Dzien zaczynam pozytywnie, choc obudził mnie telefon babuni z listą zadan do wykonania, wczoraj tez był nadmienie- jak zwykle ja...,
zaparzyłam sobie pokrzywe bo wyczytałam wczoraj ze mozna sie nią pooczyszczac troszke, bede pic 4 szkl dziennie przez 3 tyg. ma sie miedzy innymi cera poprawic. zobaczymy. dzis juz zegnam sie z @@@ jupi... i zaczynam akcje z bieznią i brzuchami, wczoraj ledwo 200szt zrobiłam....

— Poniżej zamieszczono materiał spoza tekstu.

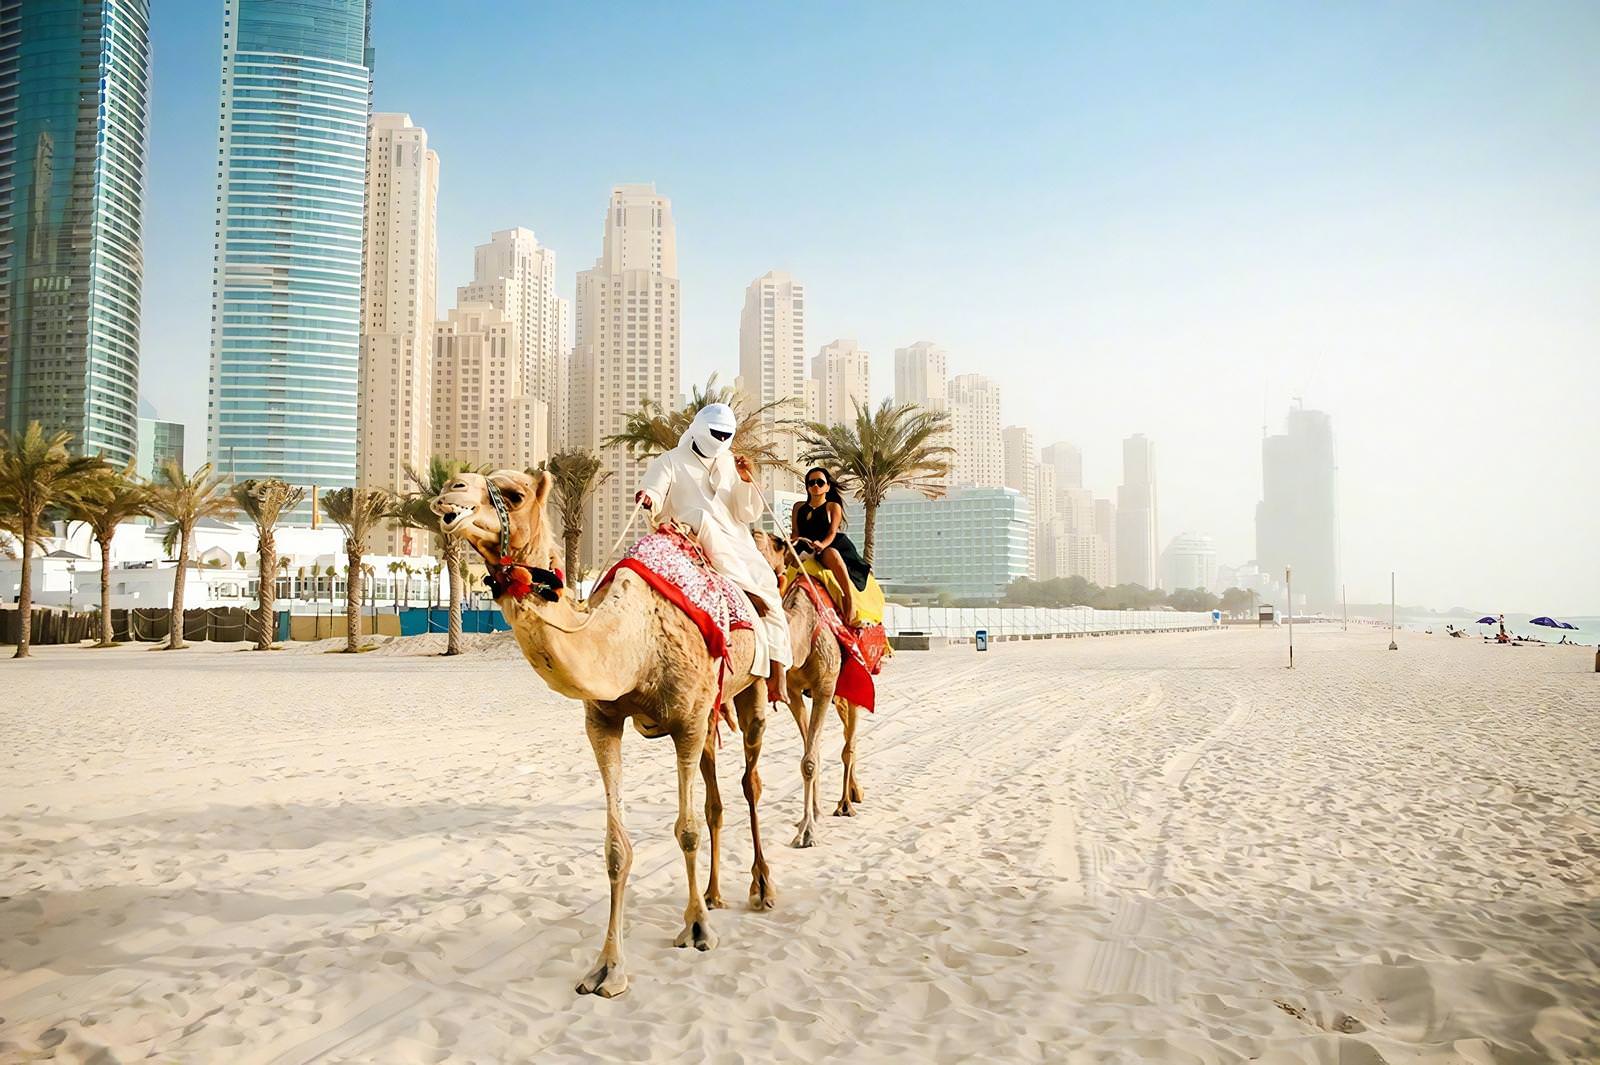 Дубайский сайт. Объединенные арабские эмираты (ОАЭ). Парк пустыни Шарджи. Абу-Даби (эммират). Сафари Абу Даби.

Teraz wam powiem jaki ja miałam straszny sen-boze nie zycze nikomu:
Sniło mi sie że moja mama zmarła na raka mózgu no i pół nocy walcze ,rycze, powiadamiam wszystkich. potem mój tato idzie załatwiac formalnosci z wiązane z pogrzebem, patrze a na klapsydrach w całym miescie napisane: Sylwia Magdalena S... czyli ja.....boze co to był za sen....Masakra jakas moze to przez ten zajefajny dzien wczoraj???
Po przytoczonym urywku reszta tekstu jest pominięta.